“We’ve had lots of support but we really put our big boy pants on with this project and there’s still lots of things we’ve got to learn,” Mr. de Waal said. “We’re figuring out how to give Halifax the market it wants.”
To increase traffic flow during the week, the board is working with Project for Public Spaces, a New York City non-profit that specializes in creating and improving markets and other public spaces.
In Grand Rapids, the idea for a new version of the Fulton Street Market emerged during neighbourhood plan discussions. The existing market was founded in 1922 and now consists of a concrete pad on which 70 to 80 vendors sell from a makeshift setup using trucks and tarps, said Ted Lott, of Lott3Metz Architecture.
The new covered market and public plaza will cost about $3-million to build and is scheduled to open at a site about two and half kilometres from downtown Grand Rapids near residential neighbourhoods.
“Farmers are excited to have a permanent shed where they can operate year round,” Mr. Lott said. “I think they’d all had enough of tarps full of rain collapsing on them.”
“One of the unintended consequences was that farmers began thinking about the new building and they wanted to extend their season,” he said.

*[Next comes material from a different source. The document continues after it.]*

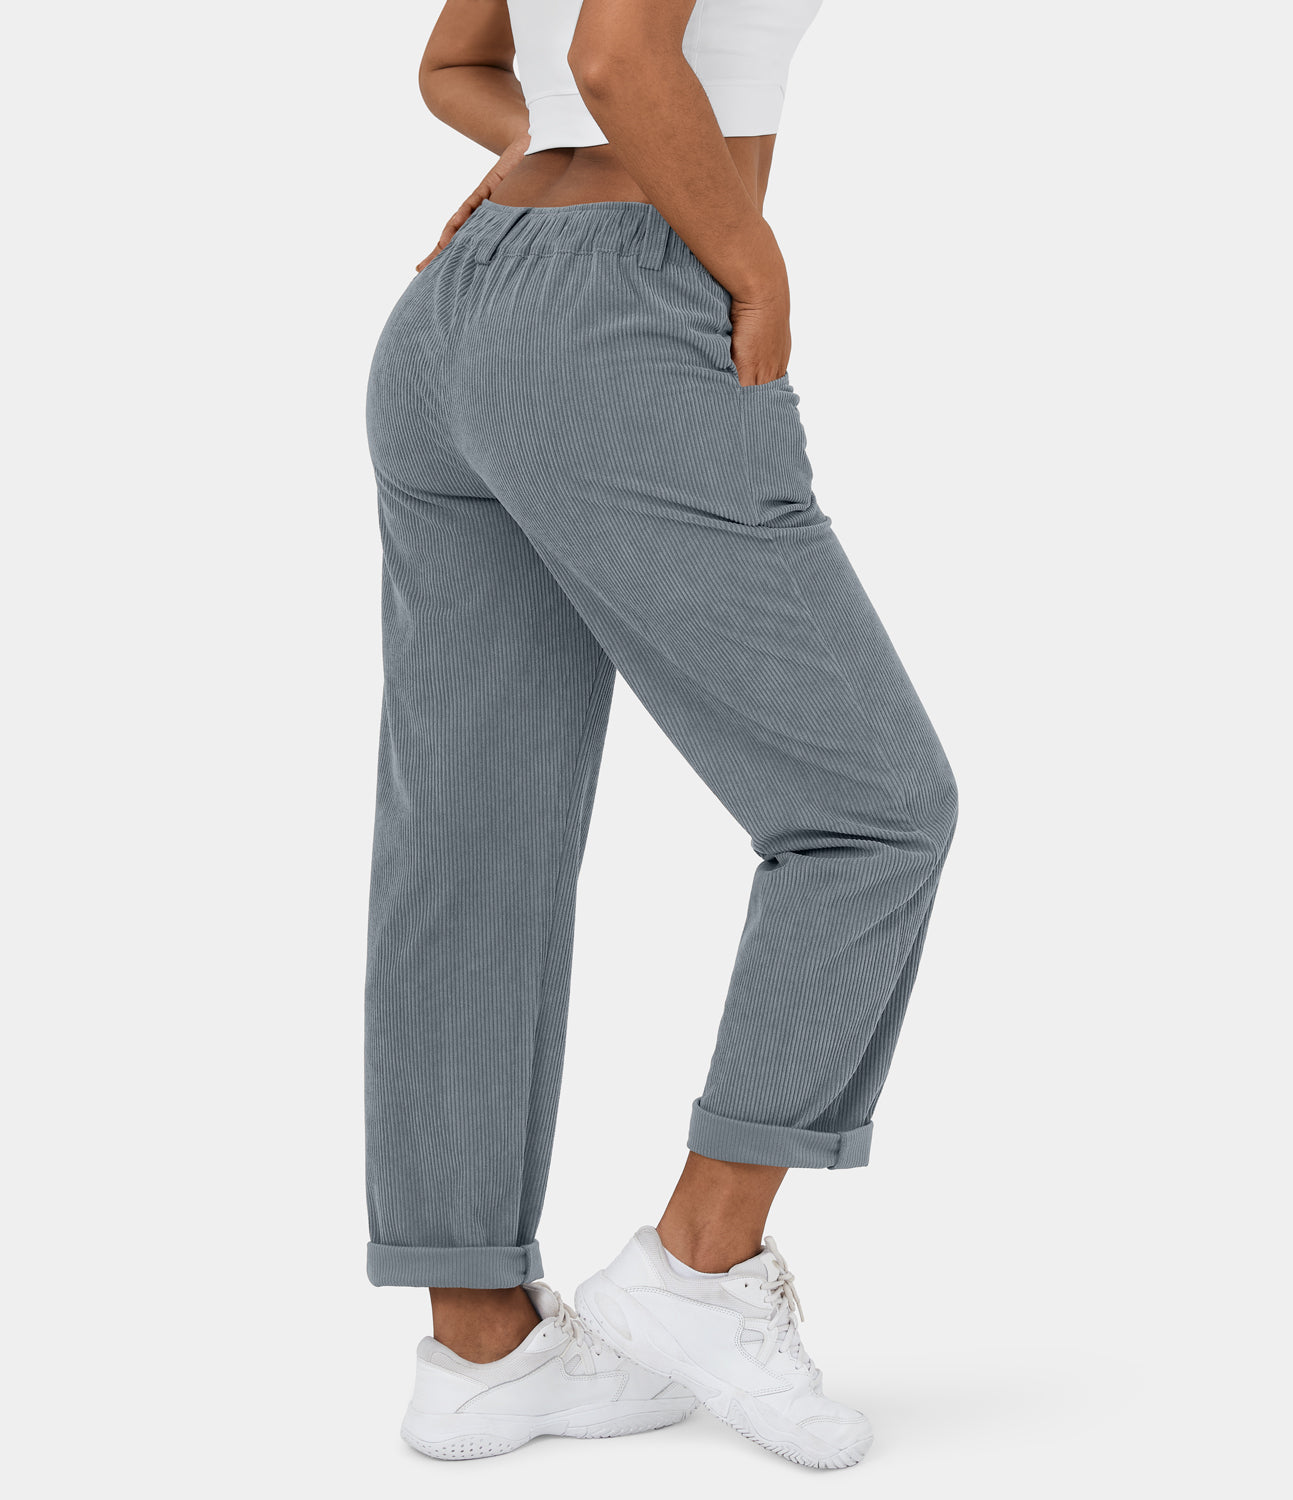 Women's Mid Rise Button Zipper Side Pocket Corduroy Casual Pants

Vendors who normally stopped selling around the beginning of October began thinking about what they planted, how they stored produce and using greenhouses so they could sell longer.
“They were very ingenious and it will mean the city will have a better selection of fresh, local produce year round,” said Mr. Lott, who first started going to the market as a child with his mother. In turn, the local food movement has also been an important support to the development of the new market, he said.

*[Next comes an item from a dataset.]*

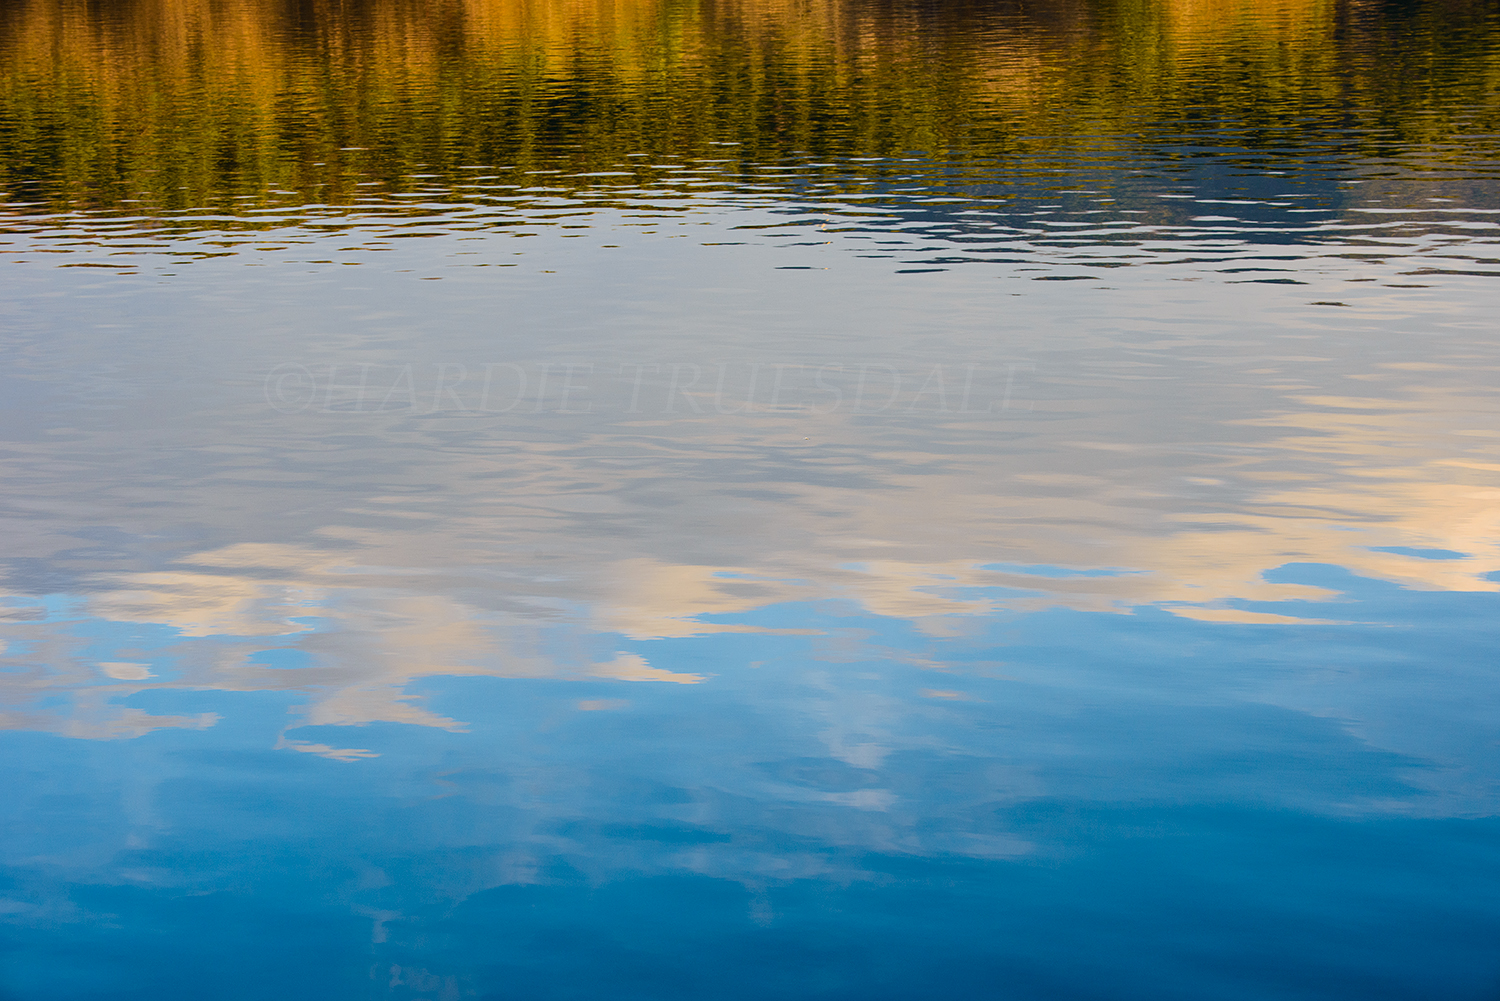 Alb#022 "Evening Reflections", Tomhannock Reservoir

“That focus on locally grown food has certainly benefited their [the farmers’] growth over the past few years and the project would have had a much tougher road had that ethic not risen up. It certainly helped with fund raising, too.”
The market will open in May and it already has a waiting list of vendors eager to rent space. For now, it seems the demand for farmers’ markets continues to be strong.

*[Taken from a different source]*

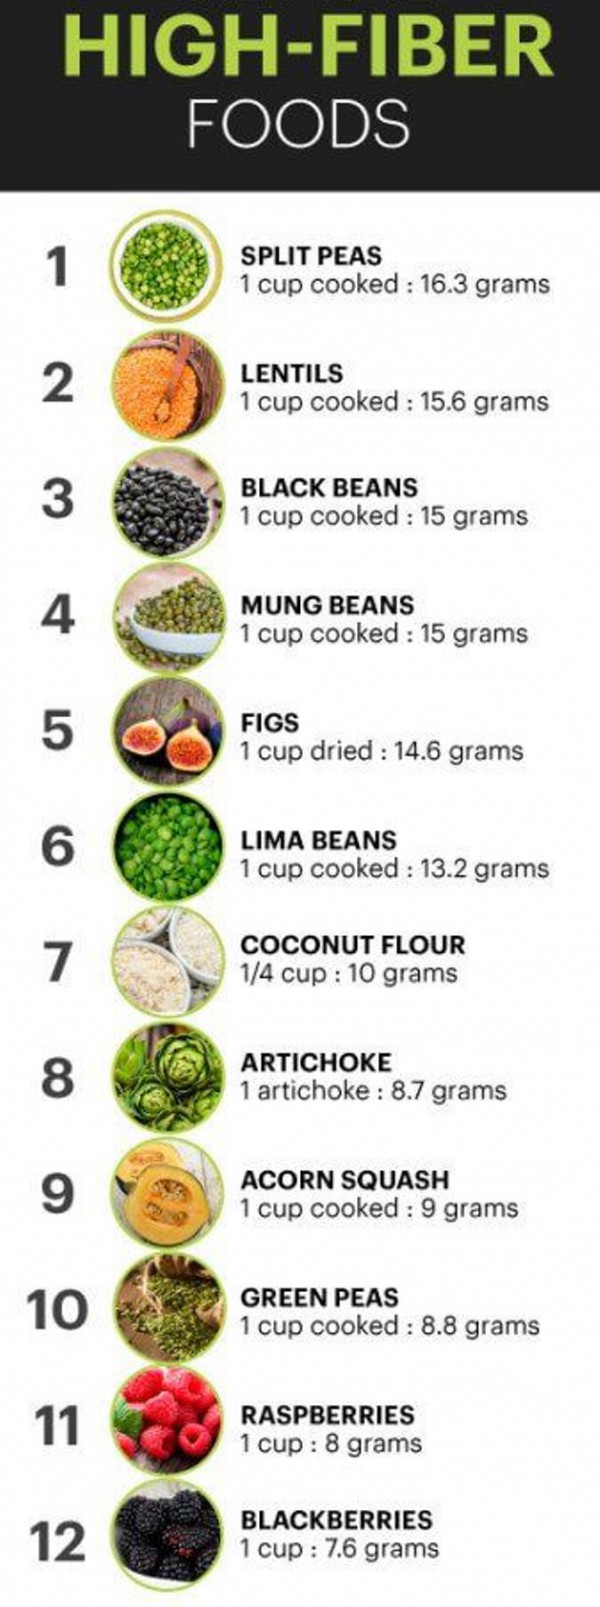 Top 12 High-fiber foods

Some remarkable farmers' markets
Granville Island Market, Vancouver
Vibrant island with food market, art shops, restaurants, brewery, theatre, hotel and an art college. The market is built near the spot where the city’s first covered market opened in 1908 in a grand building with two bell towers.
Highlight: Fresh seafood.
Open: Year round, seven days/week.
Saskatoon Farmers’ Market
Opened in 2007 as an anchor building in the redevelopment of prime riverfront property called River Landing, in downtown Saskatoon.
Highlight: Fresh Saskatoon berries in season.
Open: Year round, Sunday, Wednesday and Saturday, some shops open seven days a week.
Jean-Talon Market, Montreal
One of North America’s largest open-air markets.
Highlight: Named for the French governor who sought to shift the colony’s economic base in the mid-1600s from fur trading to agriculture by encouraging settlement and bringing the filles de roi.
Open: Year round, seven days/week.
St. Lawrence Market, Toronto
The historic South Market is built around one of Toronto’s first town halls and contains remnants of prison cells from the early 1800s. The North Building, opened in the 1960s, houses a traditional farmers market and flea market on weekends.
Highlight: Plans are under way to replace the north building with a four-storey steel and glass structure housing court rooms and administrative offices on floors above the public market.
Open: Year round South Building: Tuesday-Saturday; North Building: Farmers market – Saturday, Antiques market – Sunday.
Guelph Farmers’ Market
Today’s market sits in the middle of Market Square, the spot where the city’s first land was cleared.
Highlight: The only building included in the John Galt’s first plan for the city in 1827. Mr. Galt wanted a market built to sell local produce and to raise the price of surrounding land owned by his Canada Company.
Open: Saturdays 7 a.m.-noon.
Covent Garden Market, London, Ont.
Named after London, England’s famous West End farmers market, now home to the Royal Opera House, of the same name, and a popular tourist area. In the musical My Fair Lady, cockney flower seller Eliza Doolittle meets Professor Henry Higgins in a chance encounter outside Covent Garden. In Ontario, London’s original farmers’ market was once at the heart of the city but the downtown core has now shifted several blocks away.
Highlight: Today’s farmers’ market opened in 1999 on the site of the original 1853 covered farmers’ market and public square.
Open: Covered market building – year round, seven days/week. Outdoor farmers’ market – Thursday and Saturday, May to December, weather permitting.